Ich bezweifle, dass die zusätzlichen Gewerbe-Einnahmen durch eine andere Nutzung der Scala-Räumlichkeiten ein bedeutendes „Mehr“ in die Stadtkasse spielen. Geht es Konstanz finanzielle schlecht? Ich denke: nein. Klar, auf dem Papier sieht mehr Geld immer toll aus, aber was zieht die Menschen an (Bürger und Auswärtige)? Mit mehr Geld geschaffene Straßen, Parkplätze, Gebäude etc? Oder kulturelle Schätze, mit denen sich Anwohner und Besucher identifizieren.
Sicher: den Wirkradius von Kultur kann man nicht messen, nicht so gut, aber das heißt nicht, dass es keinen Einfluß auf die Bürger und das nicht-visuelle, aber gefühlte, gelebte Stadtbild einer Stadt hat. Es geht hier um mehr als irgendein Kino mit Filmen, das Scala ist für Konstanzer ein wichtiger Bestandteil der Kulturszene, die Auswahl an filmischen Werken und Erzählungen ist weit mehr als bloße Kurzweil.
Also, dran bleiben, wir sind optimistisch!
Was Volker Fouquet beschreibt, trifft für die meisten grösseren Orte zu: Die gewaltige Kommerzialisierung von Innenstädten. Das Ringen um kulturelle Vielfalt im Zentrum verlangt entsprechend eine differenzierte Sicht auf Möglichkeiten, dem kommerziellem Mainstream, dem viele Städte zum Opfer gefallen sind, doch noch in Teilen zu entrinnen. Da ist Mut, besonders aber auch Kreativität gefordert. Und gleichzeitig ein grosses Entgegenkommen privat Besitzender im Interesse einer kulturell lebendig zu erhaltenden Stadt. Die Markstätte wäre vom „Skala- Verschwinden“ in ihrer Wertigkeit elementar betroffen. Gleiches geschah bereits vor längerer Zeit am Bodanplatz, der durch den dortigen Kinoverlust ebenso an kulturlebendigem Stadtwert verlor. An der Markstätte darf das nicht auch noch passieren!
Bleibt zu erwähnen, dass das grosse Kinosterben in unserer Nachbarstadt Kreuzlingen damals geradezu tragische Formen annahm. Dieser Kulturverlust konnte bis heute nicht aufgeholt werden. Man schrieb die Entwicklung der „Konkurrenz“ aus Konstanz zu. War etwas zu einfach gedacht, zu unkreativ. Was Volker Fouquet als architektonisch „wunderschön“ beim „Scala“ beschreibt, lässt sich auch auf die noch vorhandene Bausubstanz in Kreuzlingen beziehen, sind doch sowohl das „Bodan“ an der Hauptstrasse, als auch das „Apollo“ an der Konstanzerstrasse als klassische Kinobauten noch immer präsent, aber heute anders genutzt. Einzig das „Zentral“ ist als Baukörper verschwunden.

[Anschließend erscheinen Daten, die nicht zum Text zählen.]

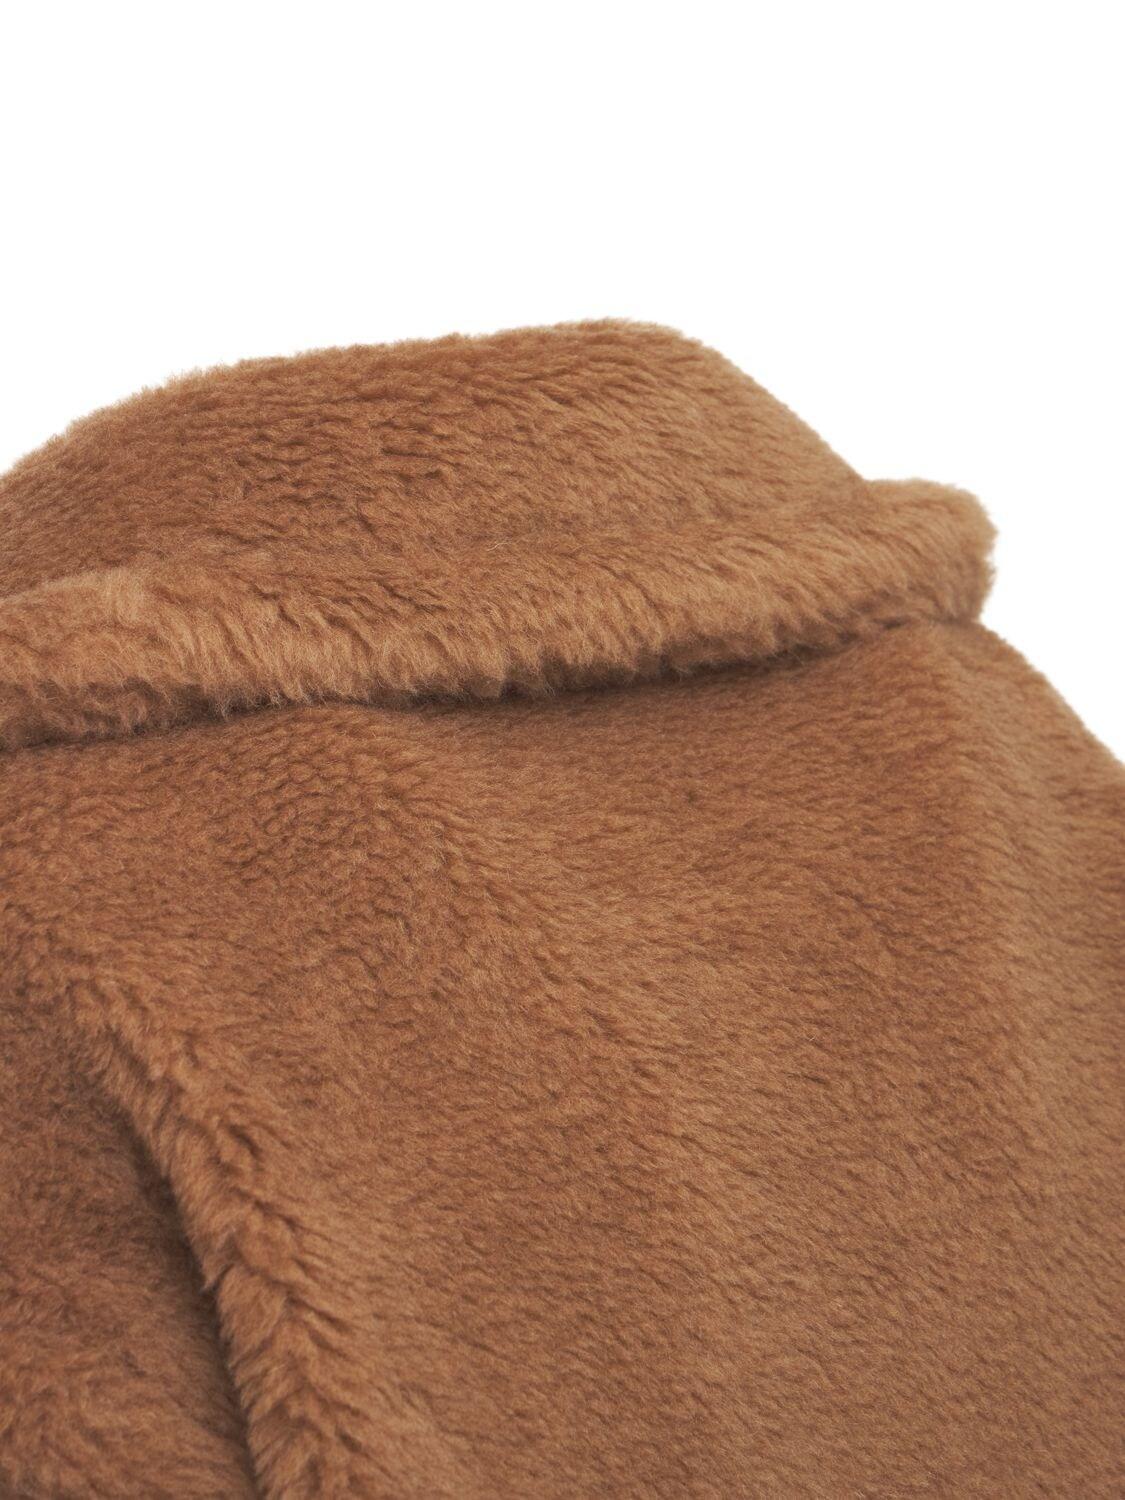 Teddy bear icon coat Max Mara Camel size S International in Fur - 29796178

Und so kommt sowohl dem noch immer vorhandenen „Scala“, als auch zumindest dem wieder zu belebenden „Bodan“ in der Sicht auf unsere hektische, überkommerzialisierte Zeit eine Bedeutung zu, damit im jeweiligen Zentrum ein eigenständiges, kulturelles Stadtgesicht abgebildet bleibt.